Name the main human rights under the HRA and whether they are:
- Absolute
- Limited
- Qualified
Absolute Rights:
- Art.3: protection against torture or inhumane and degrading treatment.
- Art.4: prohibition of slavery & forced labour [trafficking].
- Art.7: No punishment without lawful authority (e.g. retrospective criminal punishment).
Limited Rights (can only be interfered with in limited & defined circumstances):
- Art.2: Right to life
- Art.5: Right to liberty
- Art.6: Right to fair trial and fair legal process
-
Qualified Rights (can legitimately be interfered with by the State):
- Art.8: Right to private and family life
- Art. 9: Right to freedom of thought, conscience and religion
- Art.10: Right to freedom of expression.
- Art.11: Right to freedom of assembly & association
Generally speaking, what are the conditions in which a State can lawfully interfere with rights under the HRA/ECHR?
- In accordance with prescribed law;
- (cannot be internal guidelines) - Pursuing a legitimate aim
- Interference was NECESSARY in a democratic society and was interfered with in a PROPORTIONATE manner (i.e. no more interference than necessary to achieve the aim).

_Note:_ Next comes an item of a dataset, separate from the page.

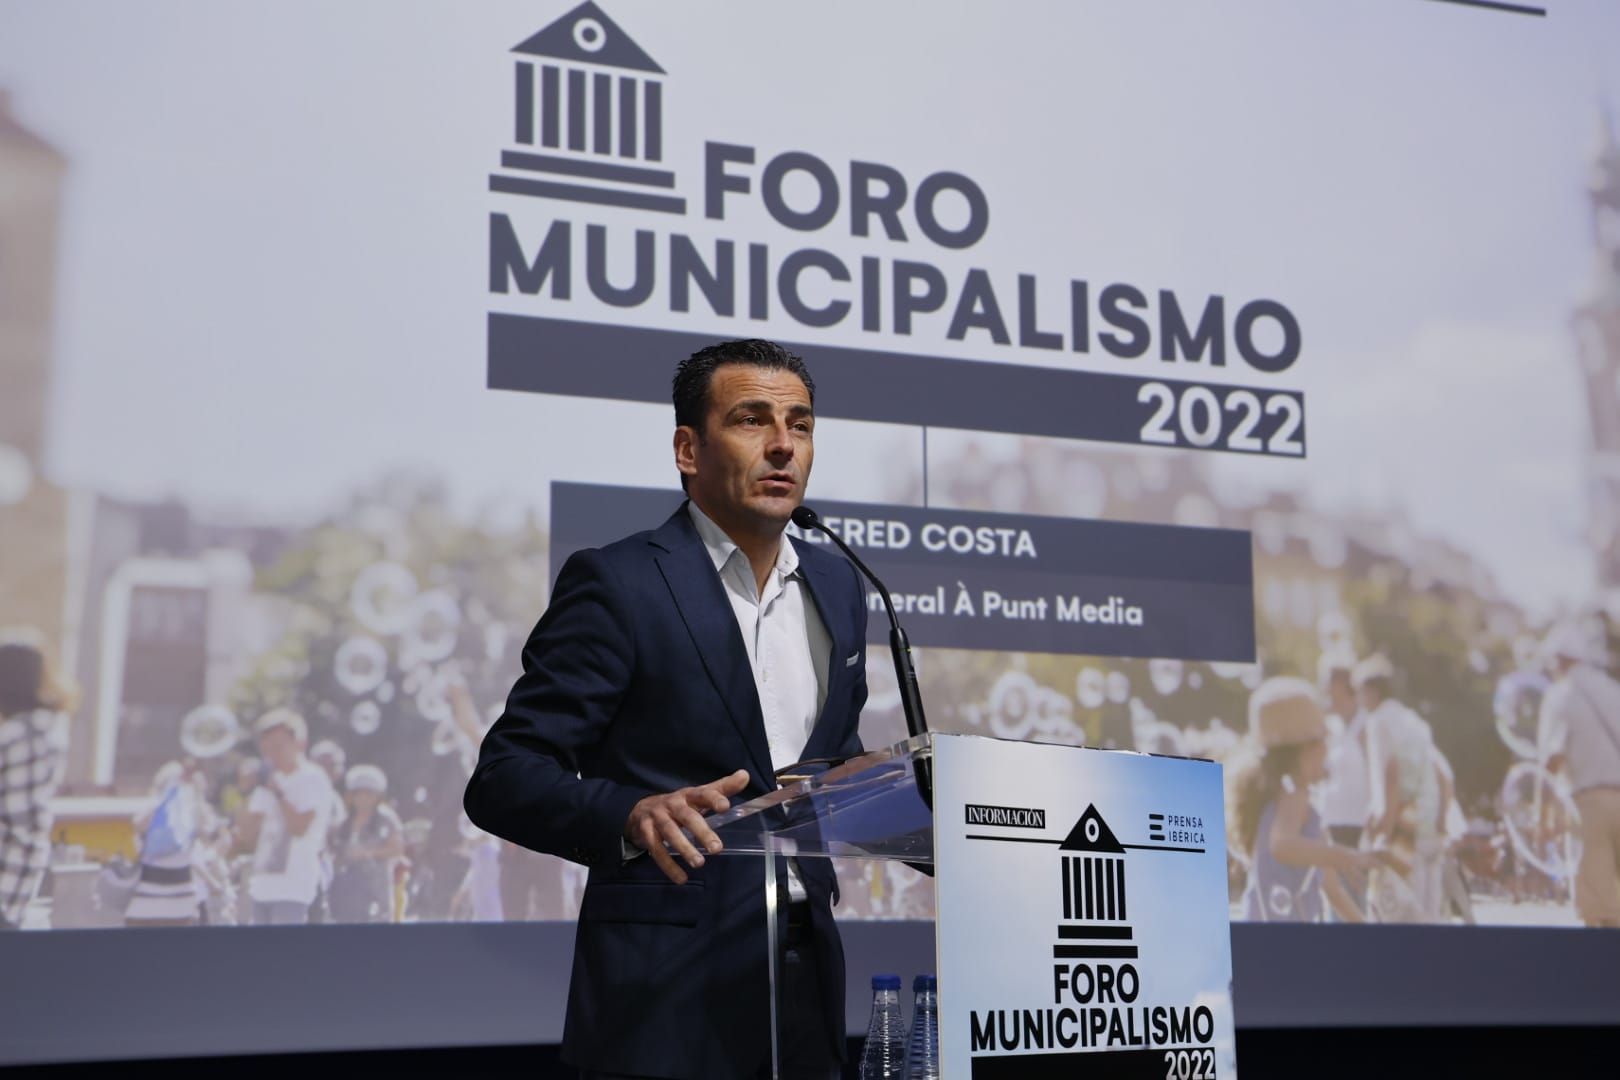 Foro Municipalismo 2022 en el Club Información

EG: national security; protecting public health; protecting others’ rights; prevention of crime; public safety.
What are 3 judicial techniques/principles that the courts take into account when considering an interference with human rights?
- Positive Obligation
(States can sometimes be under a positive obligation to prevent violation of human rights, by the State; by citizens or by non-State actors like the private sector). - Margin of Appreciation (discretion based on different countries’ aims and values within Europe; that responsibility of human rights compliance is on the States/national authorities to take care of).
- Proportionality
What is meant by the “positive obligation” principle in ECHR courts?
States can sometimes be under a positive obligation to prevent violation of human rights, by themselves as the State; by citizens or by non-State actors like the private sector.
EG: Osman v UK; X and Y v Netherlands
Where the authorities knew or ought to have known about the immediate risk to life of an identified individual, but failed to take action.
What is meant by the principle of Proportionality?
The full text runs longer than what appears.